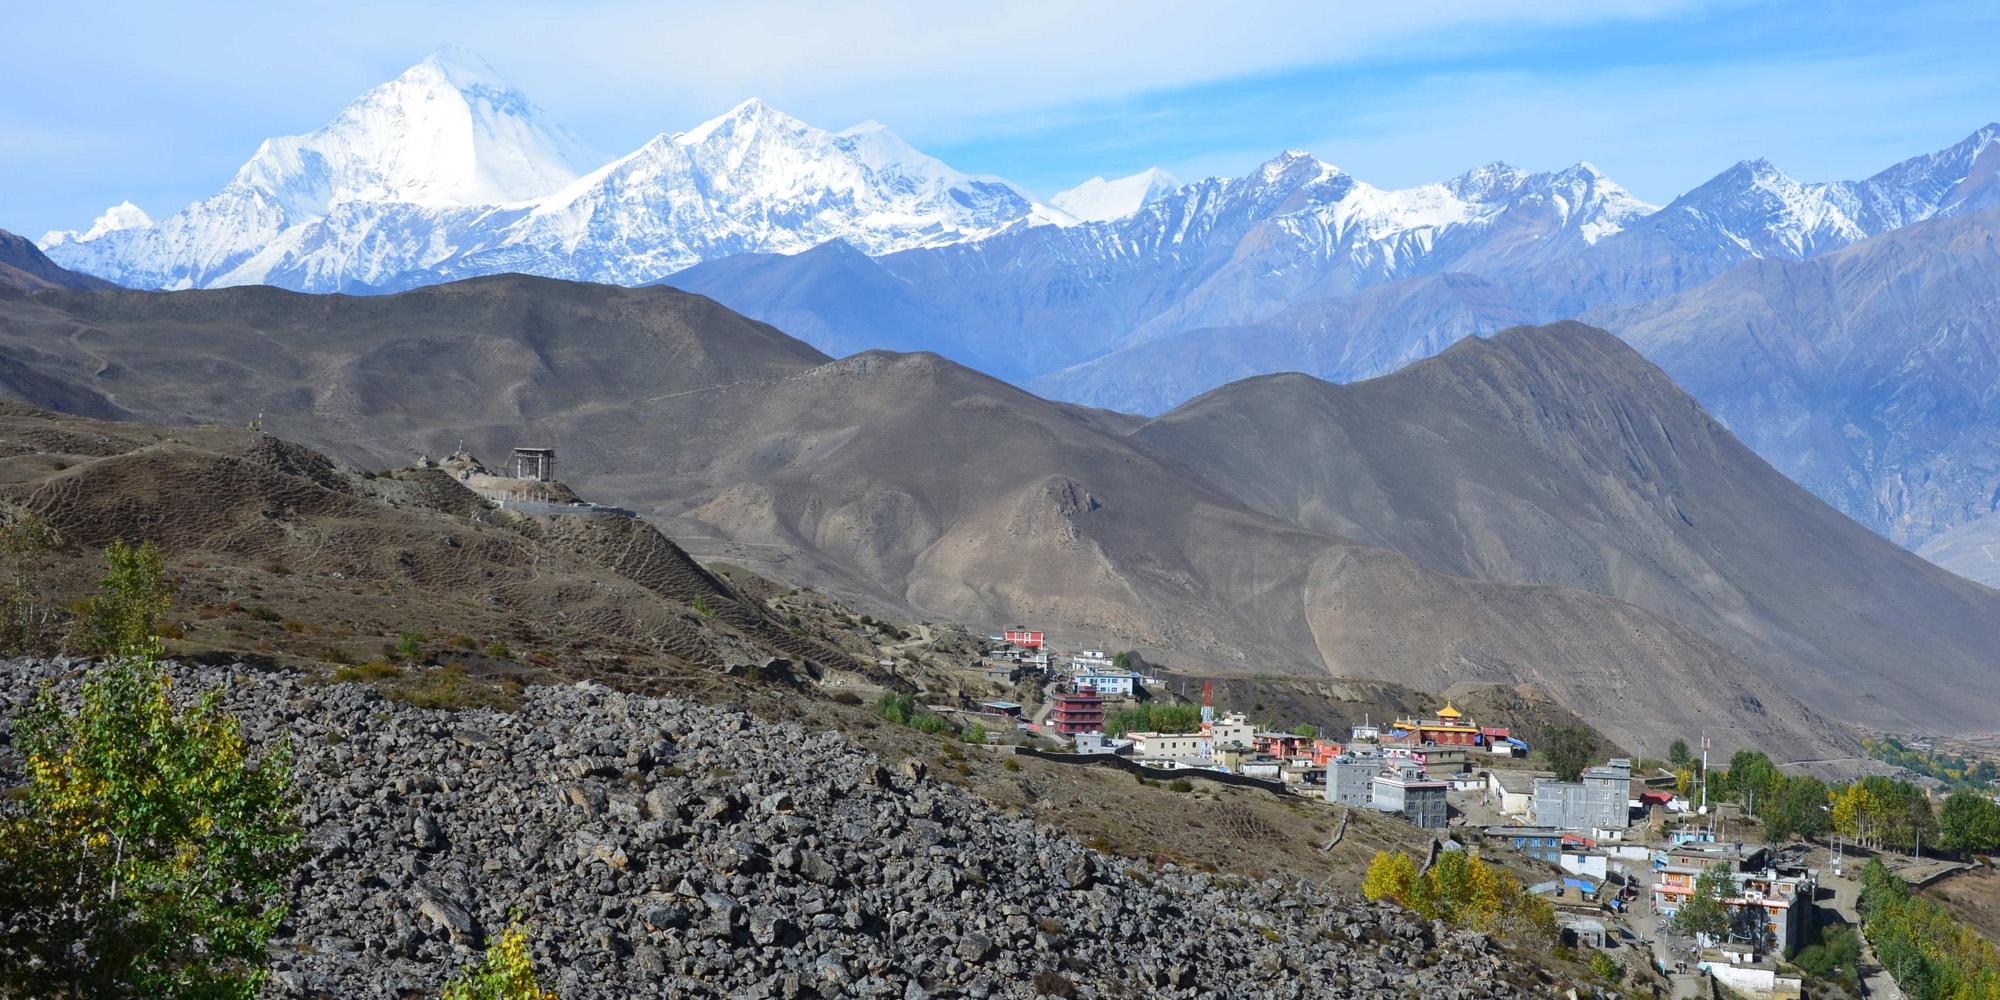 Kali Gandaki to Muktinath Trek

※

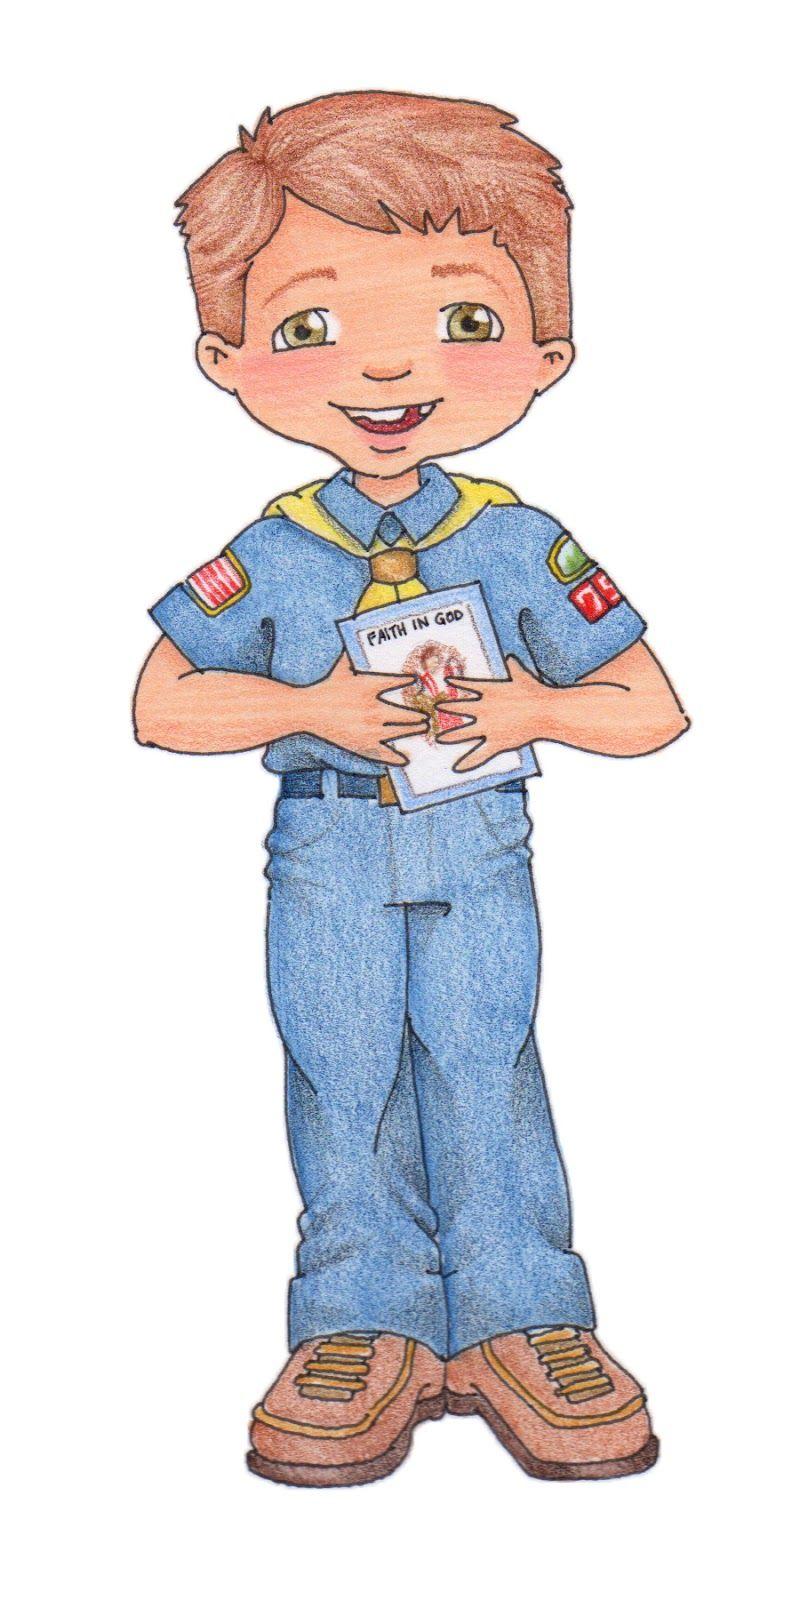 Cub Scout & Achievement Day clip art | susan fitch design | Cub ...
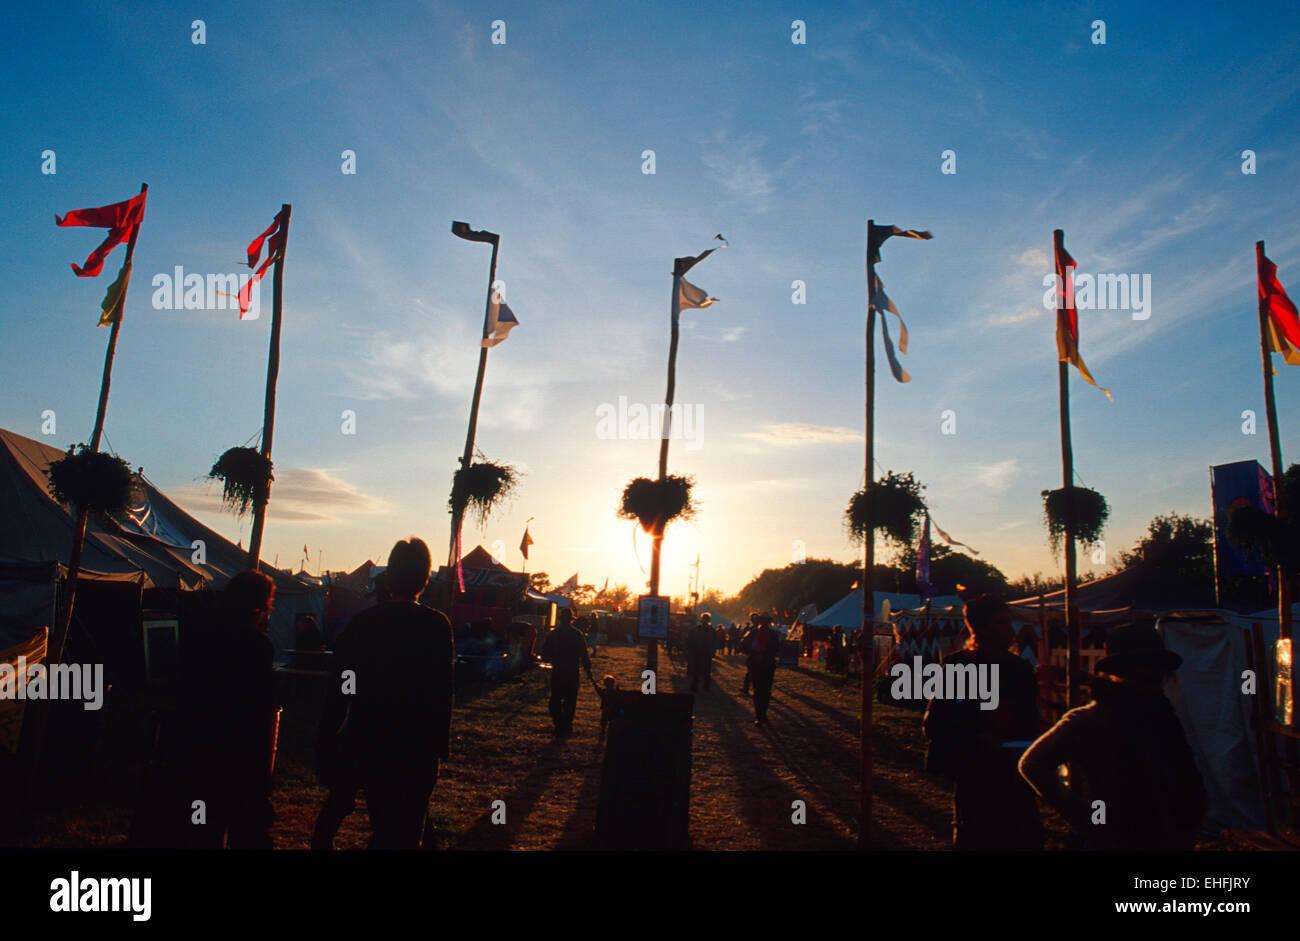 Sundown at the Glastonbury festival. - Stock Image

※

● Task instructions:
Copy only the lines above from the one containing "Cub Scout &" through the one containing "Sundown at the", both included. Leave out the pictures.

● Solution:
 Cub Scout & Achievement Day clip art | susan fitch design | Cub ...
 Sundown at the Glastonbury festival. - Stock Image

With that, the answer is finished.